TASK DIRECTIONS: Give back the data below exactly, with every line kept the same.

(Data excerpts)
________________
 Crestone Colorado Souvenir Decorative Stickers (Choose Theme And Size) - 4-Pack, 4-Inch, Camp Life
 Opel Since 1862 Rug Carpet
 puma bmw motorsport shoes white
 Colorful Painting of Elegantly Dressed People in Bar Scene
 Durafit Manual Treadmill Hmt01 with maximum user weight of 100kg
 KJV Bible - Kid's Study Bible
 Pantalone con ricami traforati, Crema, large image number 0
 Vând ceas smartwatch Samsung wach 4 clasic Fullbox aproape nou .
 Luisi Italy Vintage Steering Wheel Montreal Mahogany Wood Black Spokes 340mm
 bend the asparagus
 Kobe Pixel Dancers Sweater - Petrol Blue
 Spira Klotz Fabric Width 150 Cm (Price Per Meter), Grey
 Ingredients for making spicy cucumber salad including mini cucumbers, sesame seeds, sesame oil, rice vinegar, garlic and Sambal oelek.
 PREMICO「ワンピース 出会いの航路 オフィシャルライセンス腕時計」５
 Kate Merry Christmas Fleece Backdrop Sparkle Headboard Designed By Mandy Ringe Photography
________________
THE COMPLETED TASK:
 Crestone Colorado Souvenir Decorative Stickers (Choose Theme And Size) - 4-Pack, 4-Inch, Camp Life
 Opel Since 1862 Rug Carpet
 puma bmw motorsport shoes white
 Colorful Painting of Elegantly Dressed People in Bar Scene
 Durafit Manual Treadmill Hmt01 with maximum user weight of 100kg
 KJV Bible - Kid's Study Bible
 Pantalone con ricami traforati, Crema, large image number 0
 Vând ceas smartwatch Samsung wach 4 clasic Fullbox aproape nou .
 Luisi Italy Vintage Steering Wheel Montreal Mahogany Wood Black Spokes 340mm
 bend the asparagus
 Kobe Pixel Dancers Sweater - Petrol Blue
 Spira Klotz Fabric Width 150 Cm (Price Per Meter), Grey
 Ingredients for making spicy cucumber salad including mini cucumbers, sesame seeds, sesame oil, rice vinegar, garlic and Sambal oelek.
 PREMICO「ワンピース 出会いの航路 オフィシャルライセンス腕時計」５
 Kate Merry Christmas Fleece Backdrop Sparkle Headboard Designed By Mandy Ringe Photography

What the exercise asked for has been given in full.